> **TASK INSTRUCTIONS**:
Below are the records. Gather each line that holds "working".

> **Source data**:
- - -

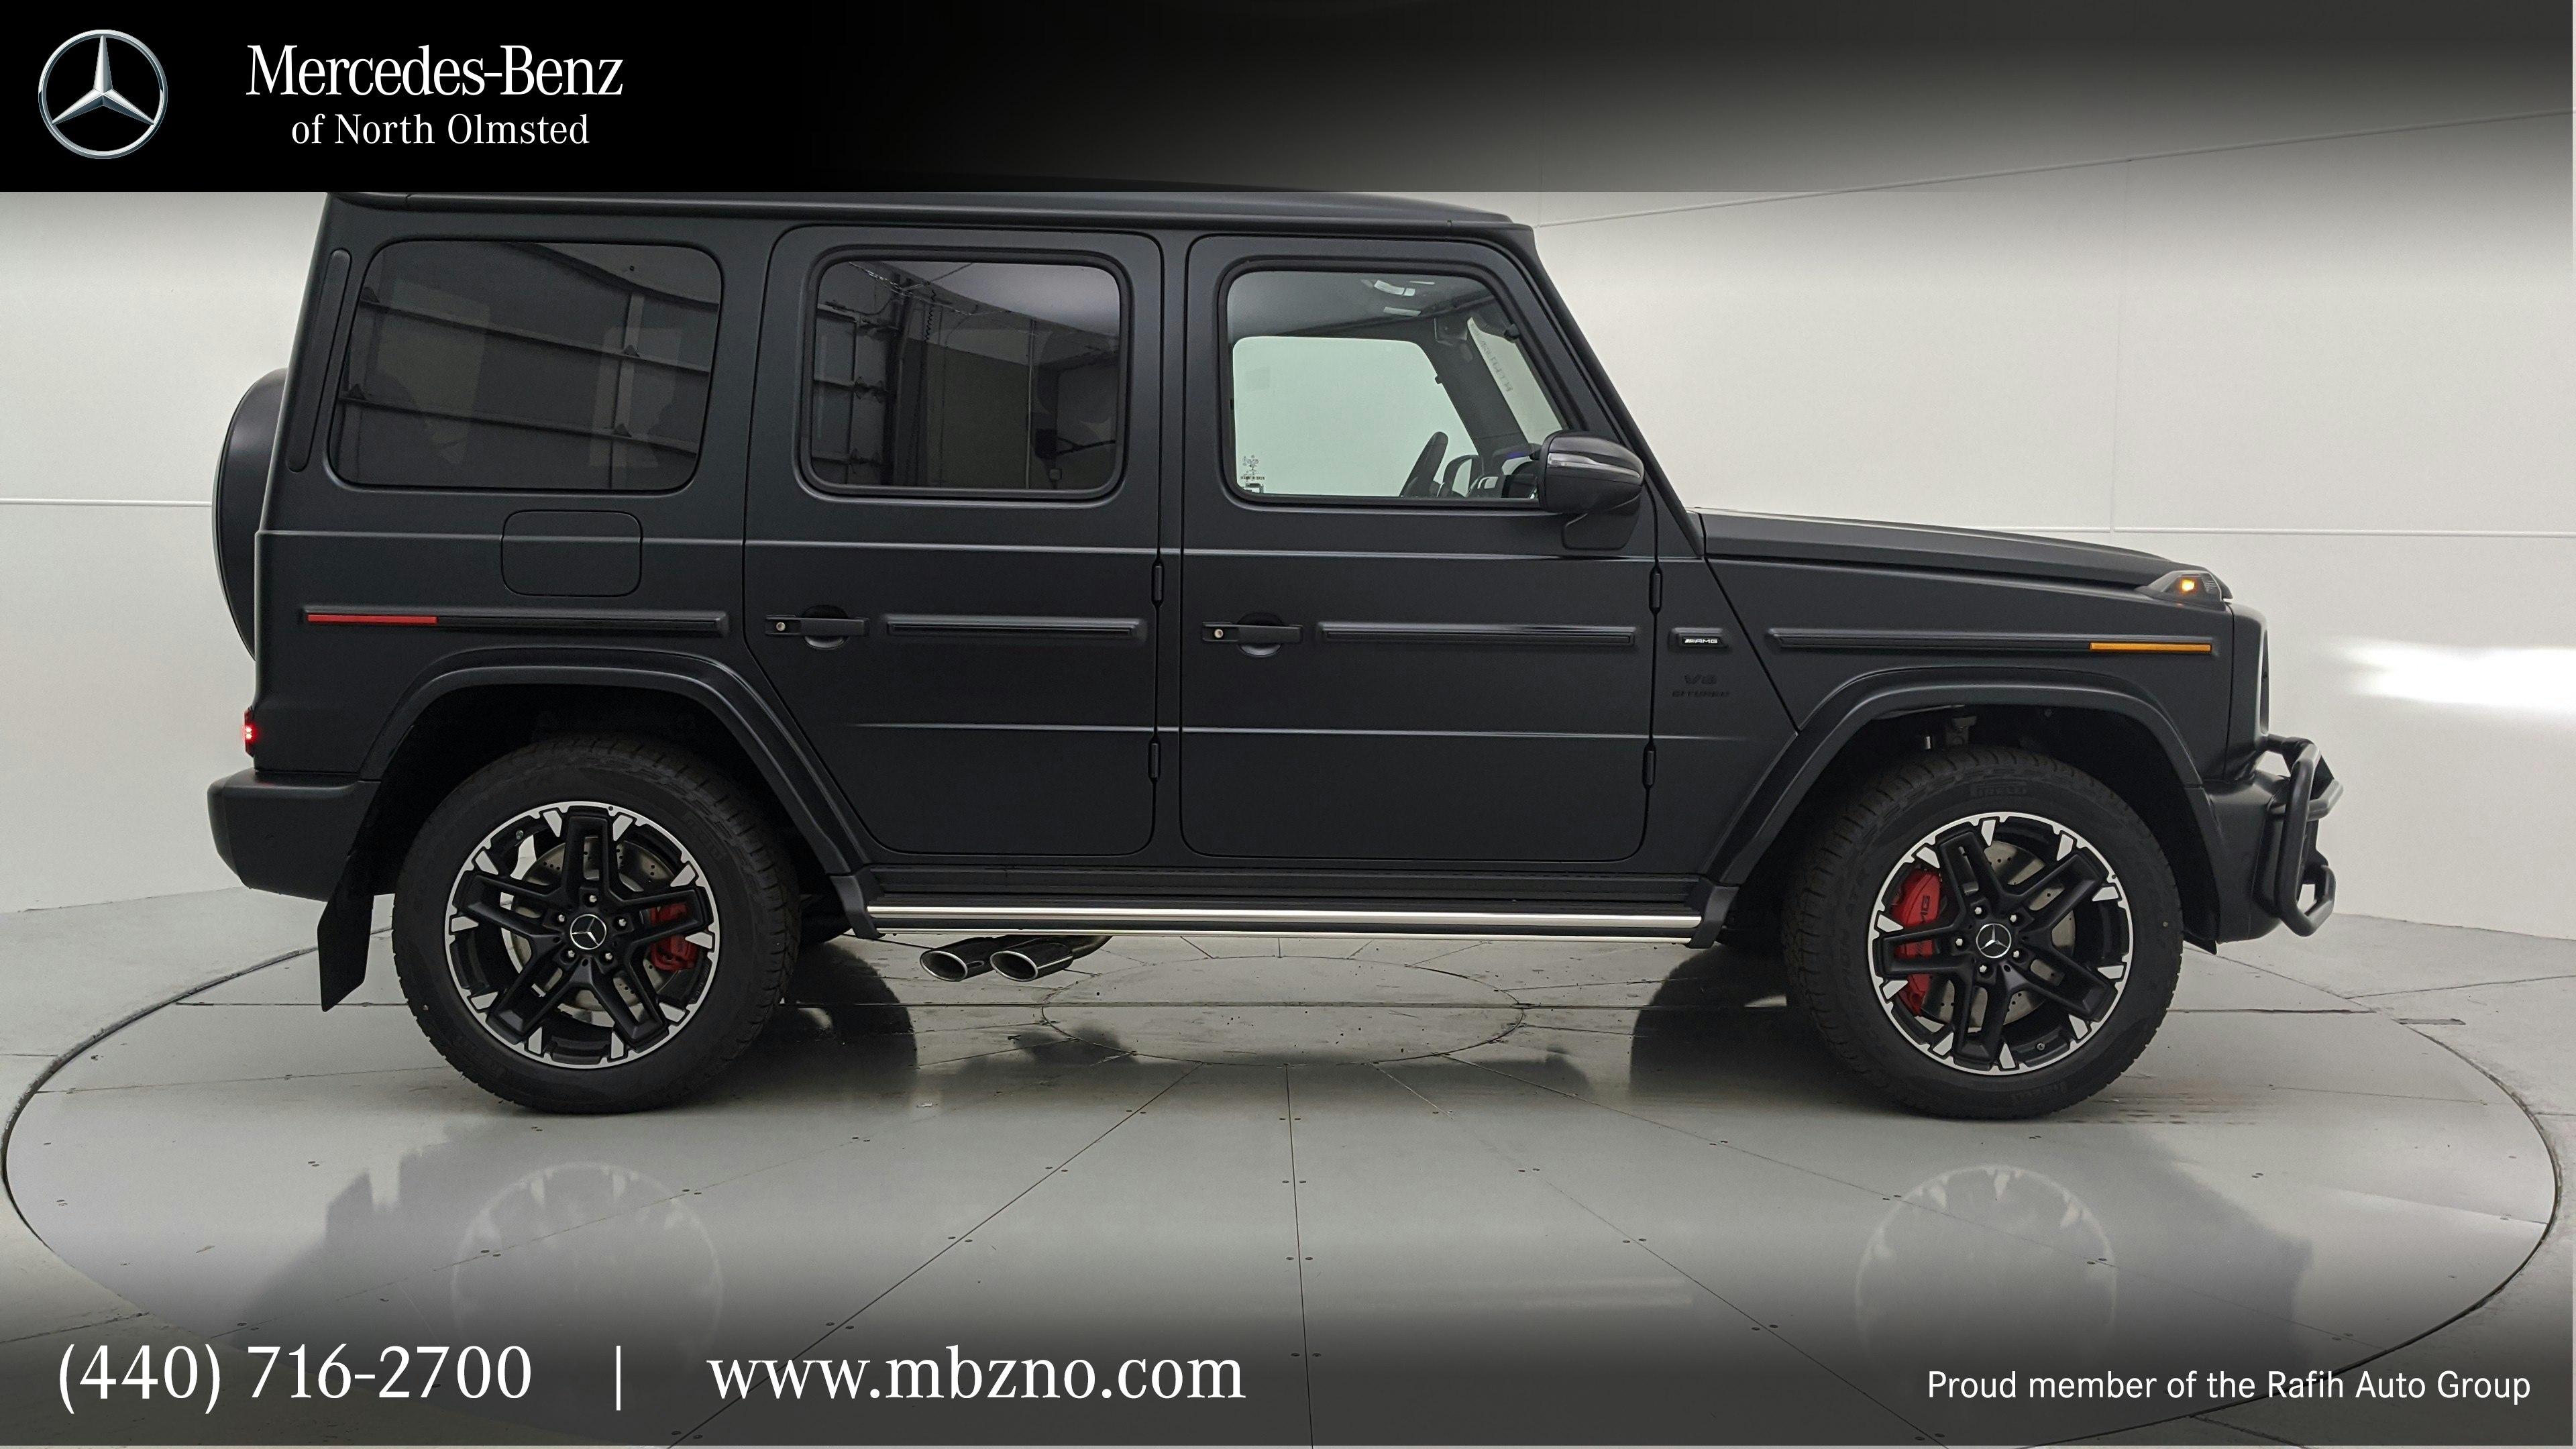 Used Mercedes Benz G Class For Sale Mercedes Benz Of North Olmsted
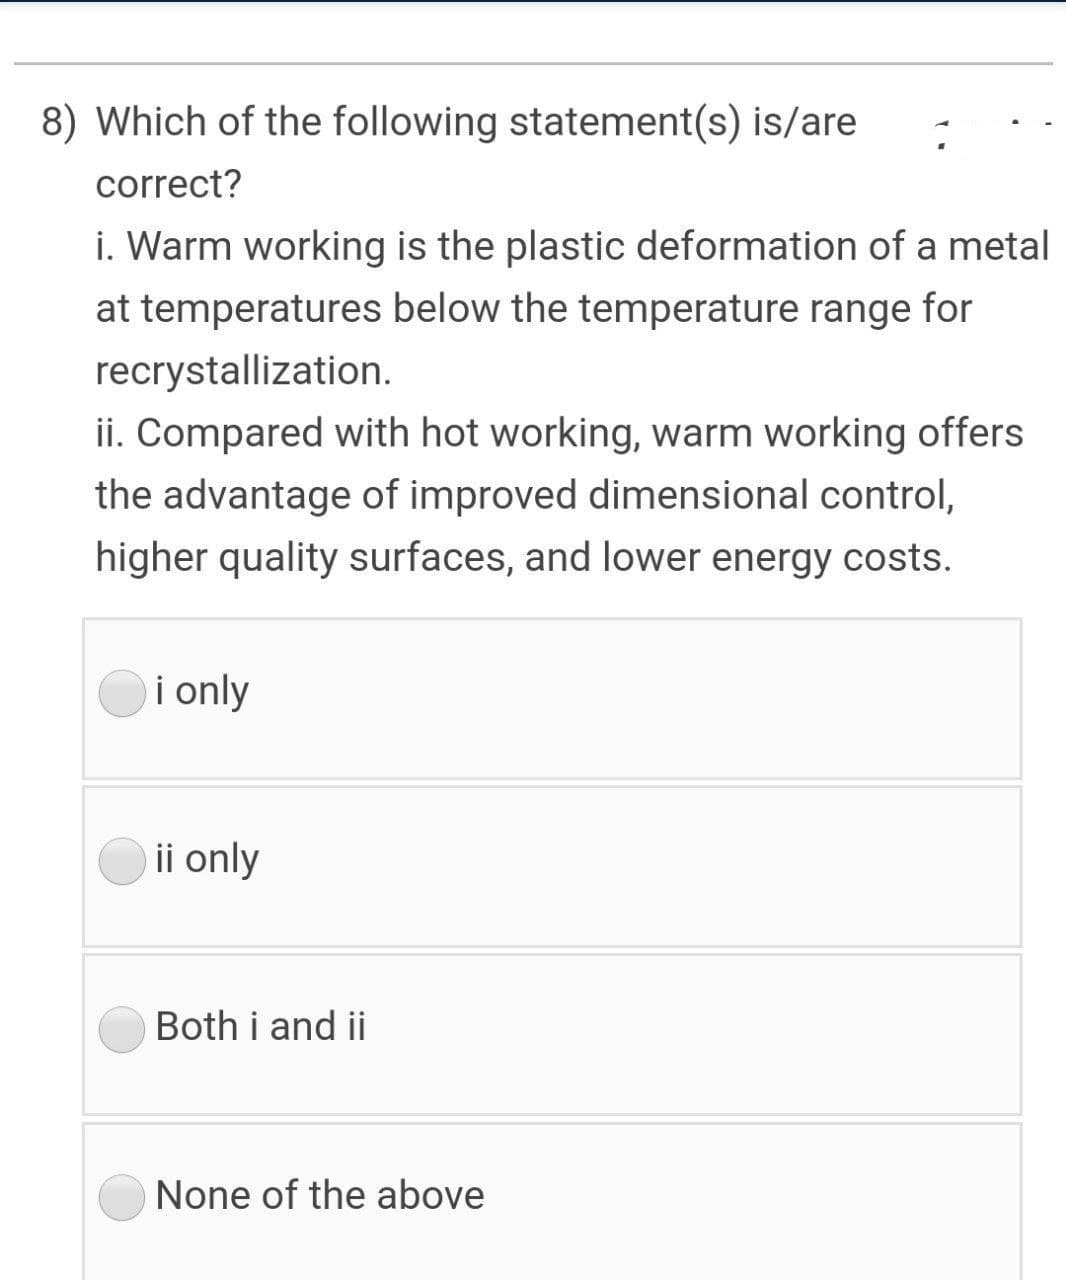 8) Which of the following statement(s) is/are
correct?
i. Warm working is the plastic deformation of a metal
at temperatures below the temperature range for
recrystallization.
ii. Compared with hot working, warm working offers
the advantage of improved dimensional control,
higher quality surfaces, and lower energy costs.
i only
ii only
Both i and ii
None of the above
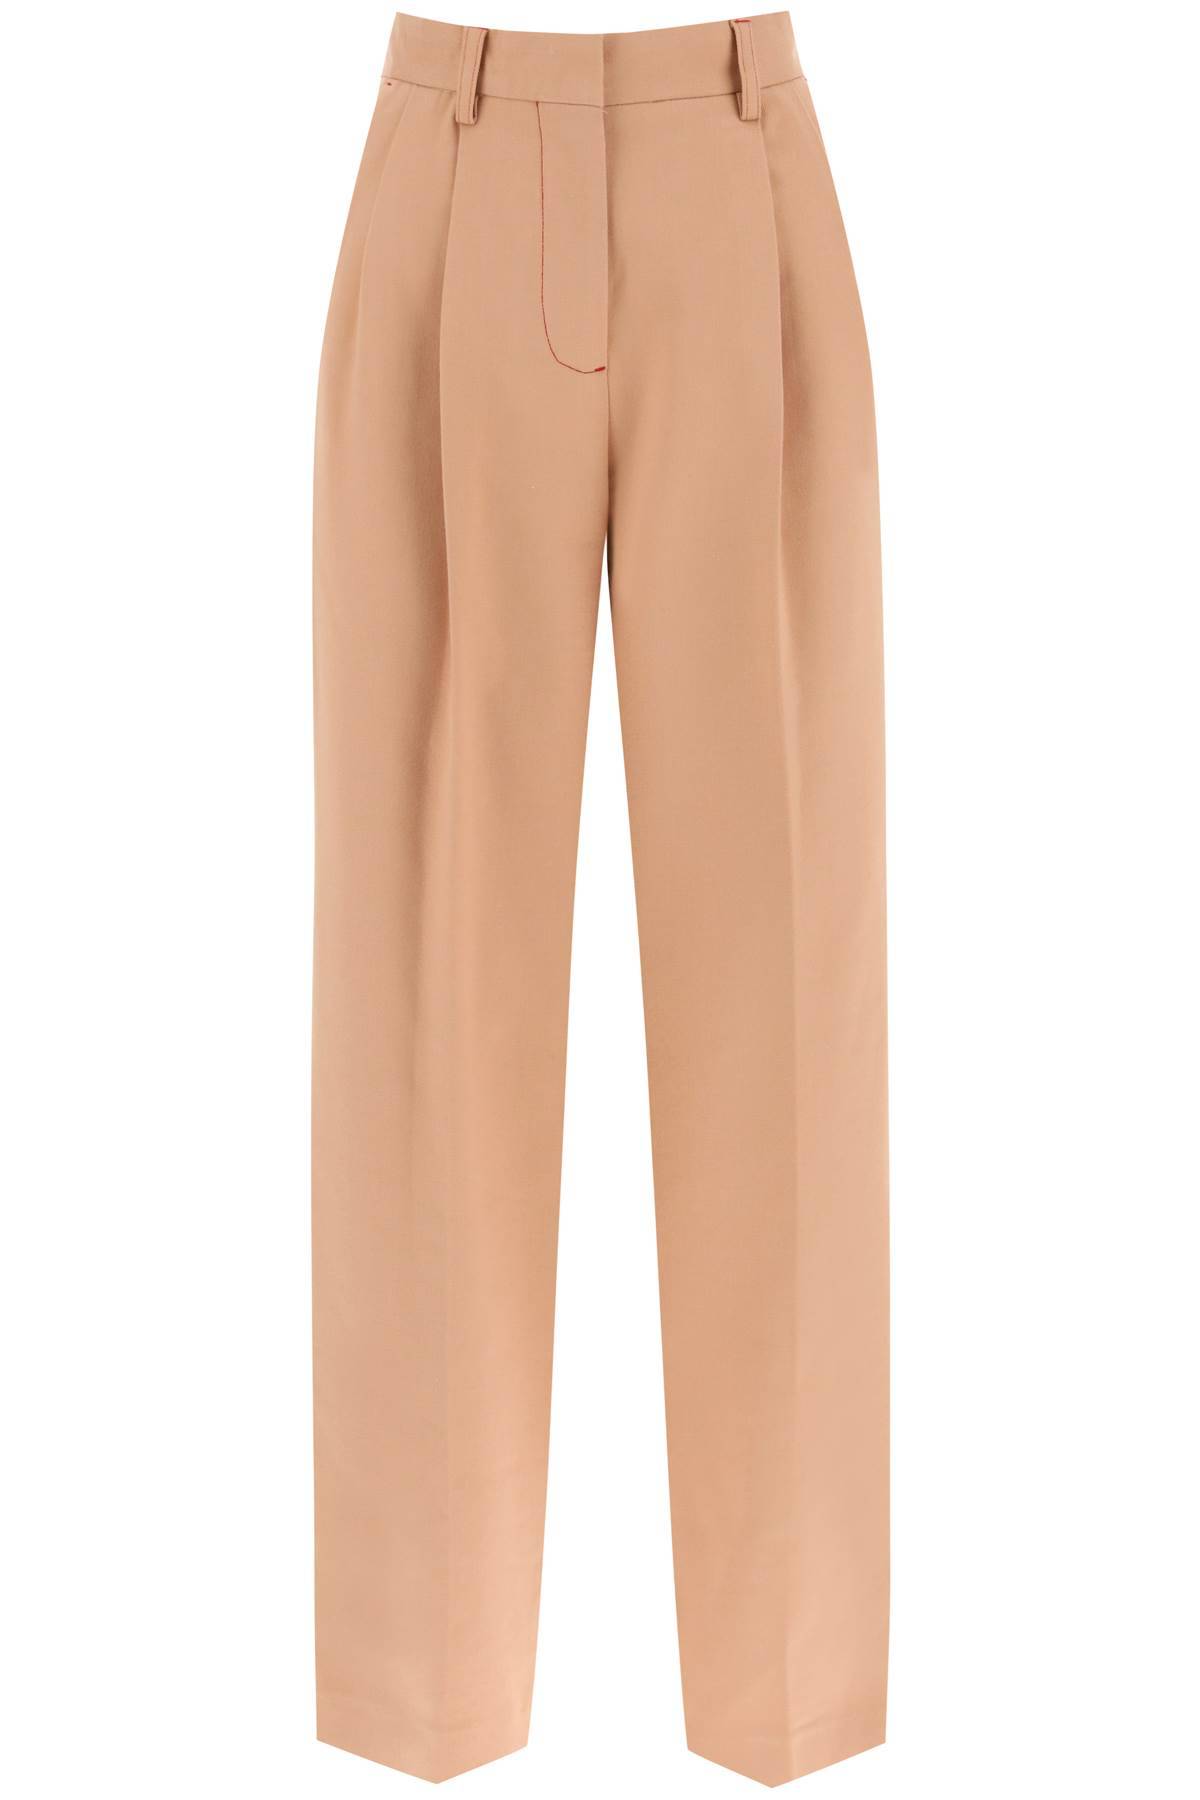 See By Chloé SEE BY CHLOE cotton twill pants

- - -

> **WRITTEN RESPONSE**:
i. Warm working is the plastic deformation of a metal
ii. Compared with hot working, warm working offers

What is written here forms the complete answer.